Элис не удержалась, с ее губ сорвалось легкое восклицание — ей стало страшно. Она еще больше наклонилась и пригляделась. Потом осторожно взяла фигурку старого лорда и положила на каминную плиту.
— От тебя мне ничего не нужно, — тихо сказала она. — Просто будь здоров и силен. И еще заботься обо мне, береги и защищай все время, пока я здесь. А потом просто отпусти.
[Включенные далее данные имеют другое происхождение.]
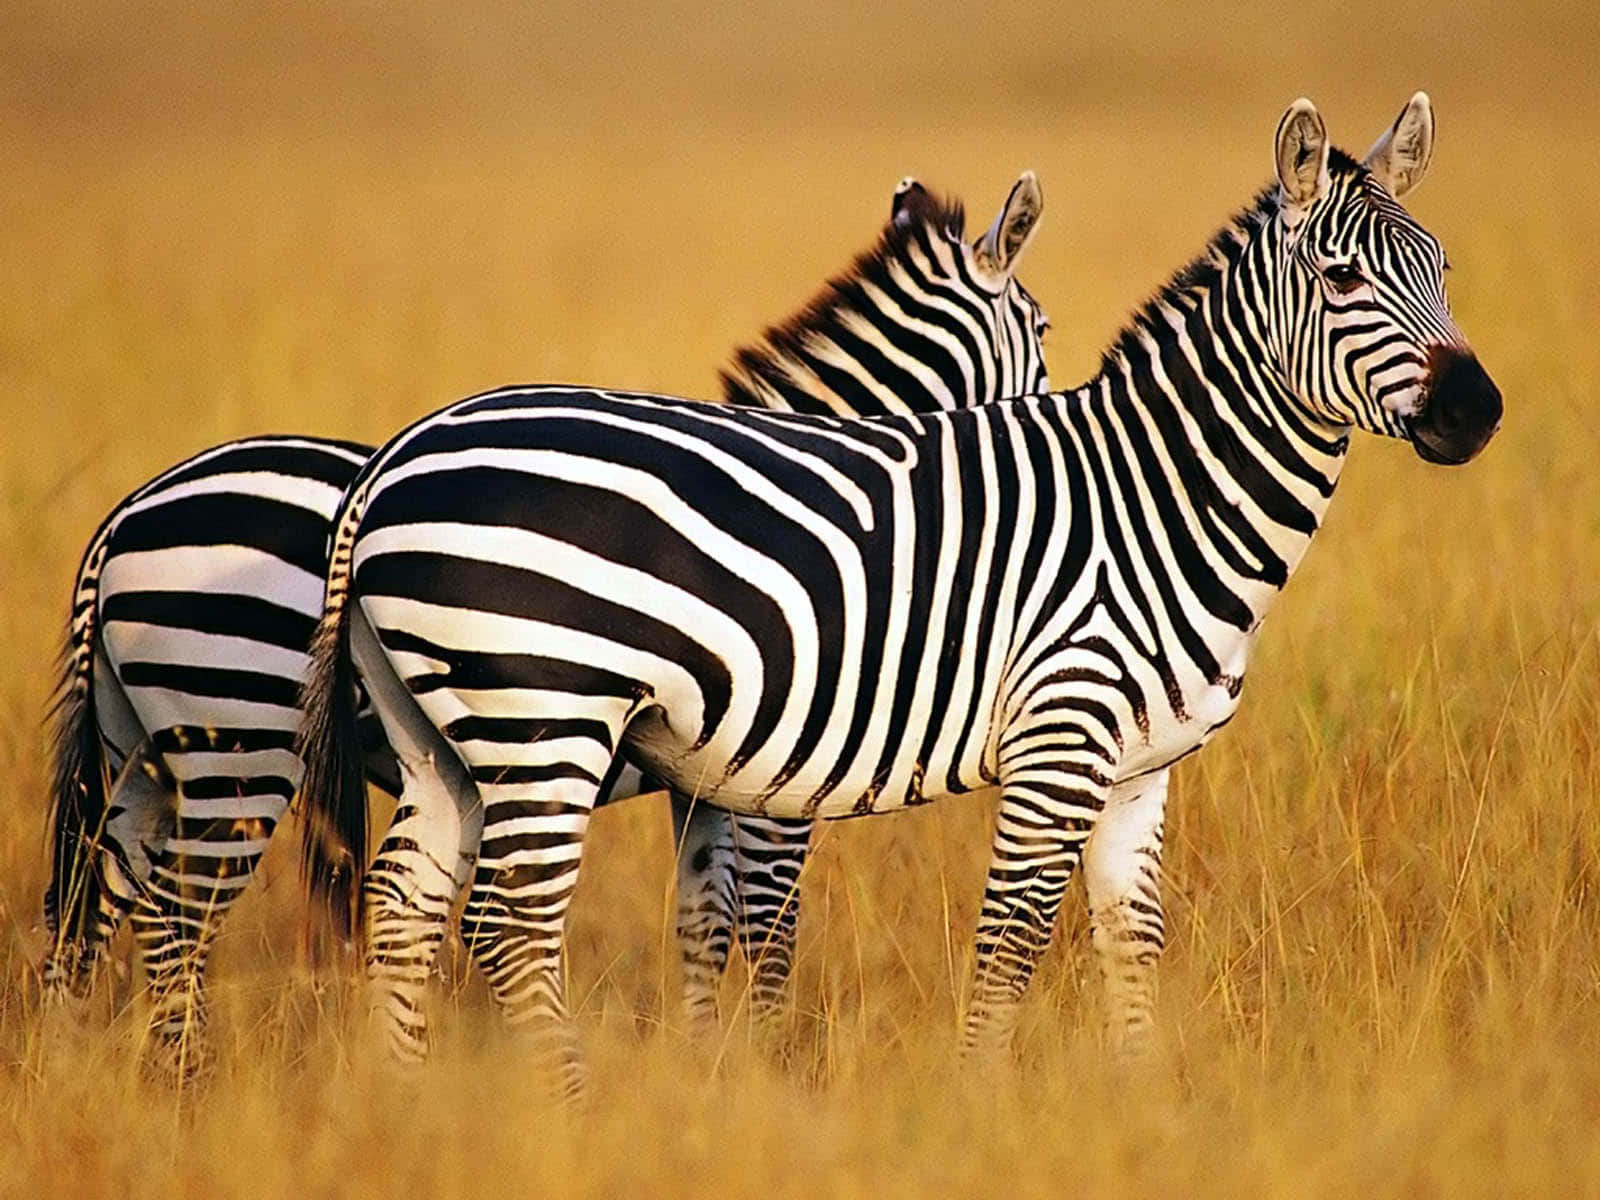 A Herd of Zebras Gathering in the Safari

Тускло освещенное маленькое личико казалось бесстрастным. Какое-то время Элис неотрывно его изучала. Затем взяла фигурку молодого лорда. И снова секунду вглядывалась в это личико, в чистые, резкие, упрямые черты. Потом осторожно, очень осторожно провела ногтем по правому глазу.
— Ты не должен видеть меня, — прошептала она. — Не ищи меня взглядом. Не смотри на меня с вожделением. Не замечай, когда я вхожу в комнату, не оборачивайся ко мне. Ослепни, как встретишь меня, ослепни. — Она нежно погладила пальцем другой глаз. — Не смотри на меня, не примечай, не обращай ко мне взора. Ослепни, как встретишь меня, ослепни.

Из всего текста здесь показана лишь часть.